Отец уставился на стол, не веря глазам.

— Ну да, — сказал я, тоже удивленный неожиданной находкой. В сорок пятом отца дома не было, а когда он разобрал столешницу, не было меня: я жил далеко, учился в коллегиуме.

— Леший его знает, с каких он пор тут хранится, — качал головой отец.

— Это он, он, — повторял я; так живо мне все припомнилось. — Тот самый! В сорок пятом его привезли сюда на грузовике. В сорок пятом, к концу зимы…


*

— Взгляни сюда! — приятель мой встал с шезлонга и поманил меня к перилам. — Видишь эти темные пятна? После того, как мой зять, воспользовавшись попутным рейсом, привез мне сюда все восемь досок, я пригласил столяра обстругать их, но в нескольких местах… вот здесь и здесь, видишь?., остались темные, глубоко въевшиеся пятна. А знаешь почему? Это… и вот это — пятна крови!


*

— Я ведь постарше тебя, — продолжил он свой рассказ, — так что в сорок пятом мне было почти шестнадцать. Отца призвали на фронт, и от него больше года не было ни слуху ни духу. Это уж потом мы узнали, что в ту пору он давно находился в плену. Я, можно сказать, остался за главу семьи; матери хватало забот с малолетками — у меня были еще две младшие сестренки и братишка, — да и кроме того, она ходила на поденщину, а я работал на мясокомбинате, который по тем временам считался военным предприятием. А потом к нам придвинулся фронт. Немцы за ночь сдали село, больших боев не было, но ночь мы просидели в погребе; до рассвета во дворе трещали автоматные очереди, потом пальба стихла. Позднее в наступившей тишине мы услышали скрежет танковых гусениц, шум грузовиков и возгласы русских солдат. Уже совсем развиднелось, когда в дверь погреба громко забарабанили; мать открыла и показала солдатам, что, кроме нее с детишками, тут никого нет. Малышня цеплялась за материну юбку, а последним вышел на волю я. Обут я был в казенные башмаки, сам — рослый не по годам, и солдат ткнул в меня пальцем, решив, что я дезертировал и скрываюсь тут. Недоразумение сразу же выяснилось, однако меня не отпустили, а велели работать; я увидел, что во дворе у нас стоит грузовик с красным крестом, и из него, из-под брезента, выносят раненых. Солдаты — среди них были и женщины — таскали в дом тяжелые ящики, и мне велели им помогать. На воротах у нас повесили какую-то табличку: словом, в нашем доме разместился перевязочный пункт.

Всю мебель, какая была в доме, пришлось перенести в летнюю кухню и в чулан. Потом я натаскал в комнаты соломы; солому застелили плащ-палатками, а сверху покрыли простынями, и через несколько часов полевой госпиталь работал вовсю.

На лежачие места положили несколько бойцов, только что раненных, но и с более отдаленных участков фронта привозили солдат с огнестрельными ранами, в пропитанных кровью бинтах.

Немного погодя к дому подкатила легковушка, оттуда выскочили офицеры, и среди них высокий черноусый капитан — как потом оказалось, капитан медицинской службы — в накинутой на плечи шинели; все остальные не отставали от него ни на шаг, пока он осматривался на новом месте. Капитан отдал какие-то распоряжения и повернул к соседнему дому, который выделили ему для постоя.

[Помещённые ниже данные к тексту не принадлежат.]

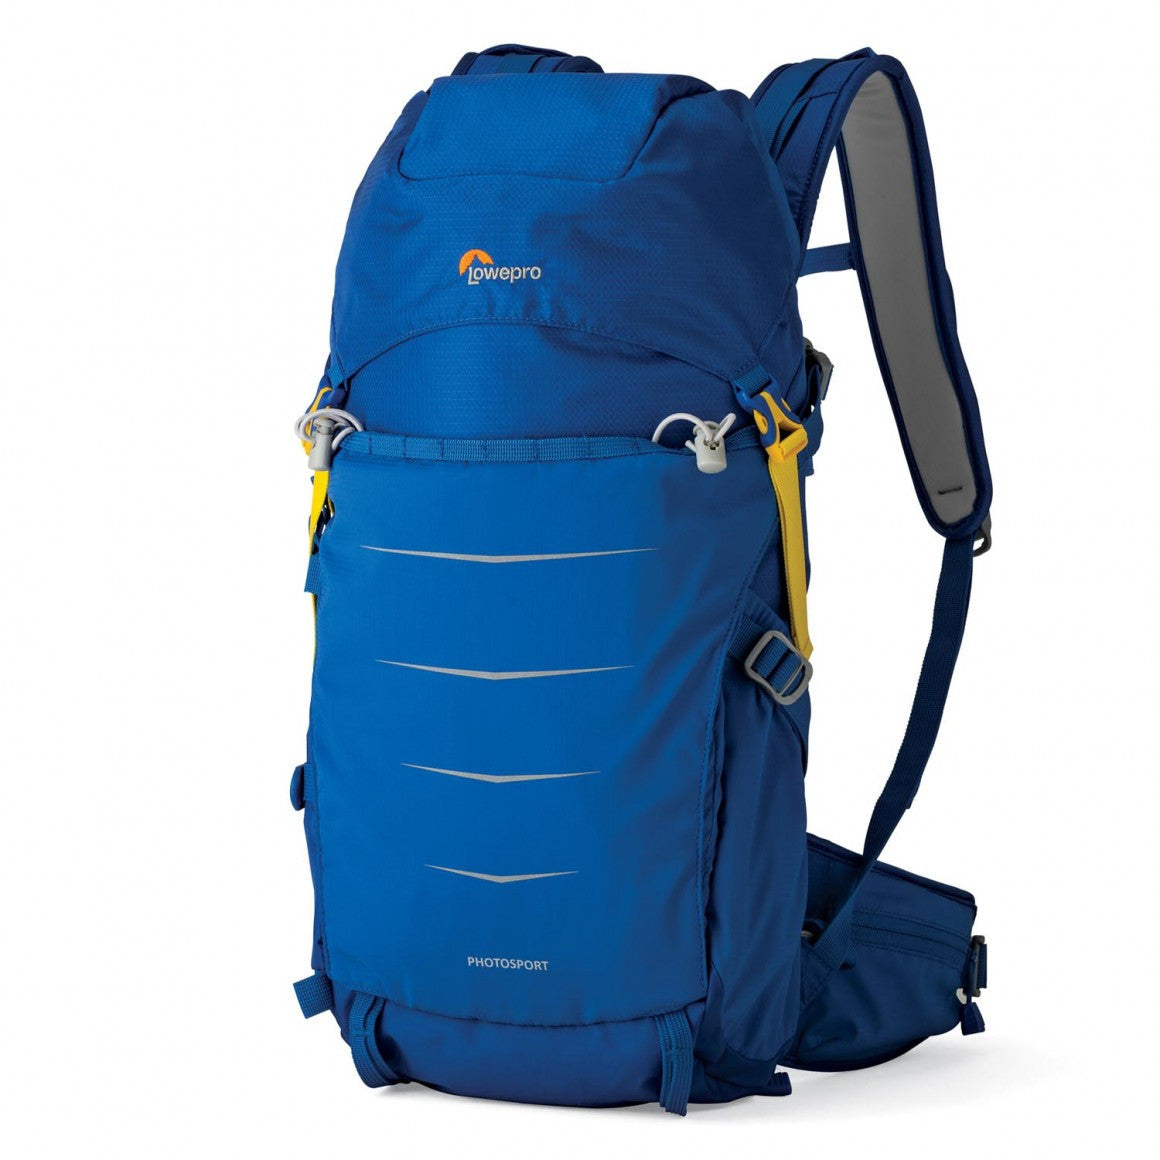 Lowepro Photo Sport 200 AW II Backpack (Blue), bags backpacks, Lowepro - Pictureline  - 1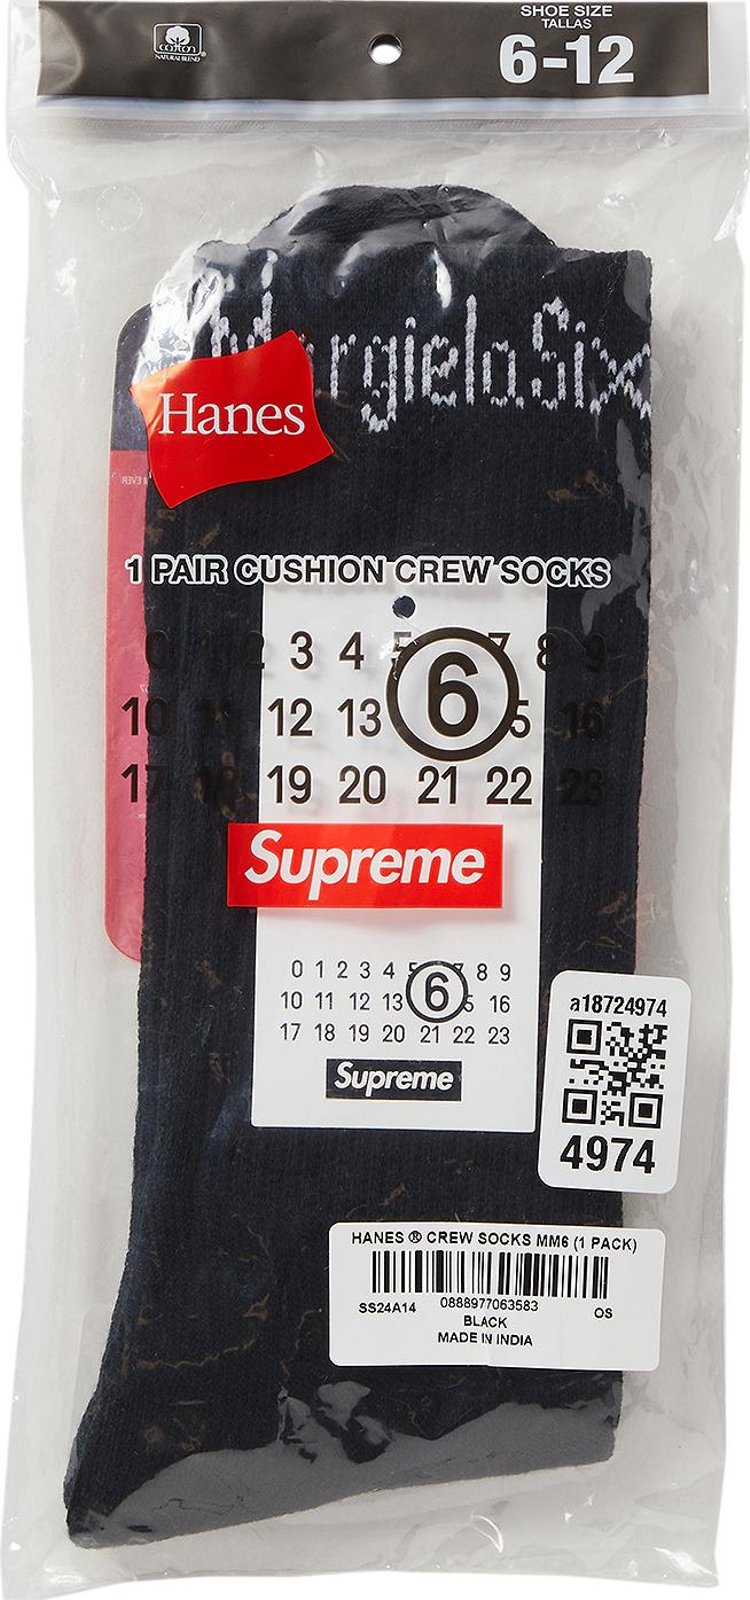 Supreme x MM6 Maison Margiela x Hanes Crew Socks (1 Pack) 'Black'

Санитары действовали привычно и слаженно. Матери велено было согреть котел. «Нужна горячая вода», — распорядилась молодая пухленькая девушка в военной форме — как мы сообразили, что-то вроде старшей фельдшерицы в медсанчасти. Она попросила таз и корыто; санитары тоже привезли с собой необходимое оборудование — разные сосуды и склянки. Под операционную была выделена кухня. Она у нас была и правда просторная: отец когда-то снес стену, отделявшую кухню от кладовки, и за счет этого увеличил кухню. Пол в кухне был залит цементом; и пол, и большущую столешницу, которую притащили с грузовика двое солдат, матери приказано было отскоблить дочиста и вымыть горячей водой с хлоркой. Когда столешница просохла, ее положили на два наших стола размером поменьше и застелили белыми простынями. Так был оборудован операционный стол, и после обеда на нем уже оперировали раненого бойца-киргиза.

Врач-капитан работал дни и ночи. Мы быстро сдружились с фельдшерами и санитарками, которые находились в его распоряжении, ведь мы — не только мать, но и я — постоянно помогали им. Я перекладывал тяжелораненых, подавал еду и питье выздоравливающим, выносил в ведрах окровавленные бинты и тампоны и сжигал их на дальнем конце двора, за навозной кучей. Вот только с капитаном отношения у нас никак не складывались. Конечно, он не мог не замечать меня, но ничем не выказывал этого; да и вообще это был человек молчаливый. Сколько ему было лет? Пожалуй, до сорока еще довольно далеко. В белом халате, надетом поверх гимнастерки и галифе, он иногда выходил под навес выкурить папиросу. В эти минуты становилось особенно заметно, насколько он замкнут: ни с кем не вступал в разговоры, на приветствия отвечал молча, кивком; однако держался он так вовсе не из заносчивости — если разговаривать все же приходилось, говорил он очень вежливо и как-то по-штатски, словно и не военный человек был.

Нельзя было не заметить: его уважали буквально все.

Мы жили в летней кухне. Мать не раз пыталась зазвать к нам капитана, чтобы напоить молоком или угостить кое-чем из домашних припасов, но каждый раз безуспешно: приглашение деликатнейшим образом отклонялось. Напротив, капитан распорядился, чтобы нас поставили на довольствие, и с тех пор мы кормились из общего котла с санитарами.

Издалека доносилась канонада: фронт где-то застопорился; поговаривали, что к северу от нас идут большие танковые сражения. Один за другим прибывали санитарные фургоны с ранеными.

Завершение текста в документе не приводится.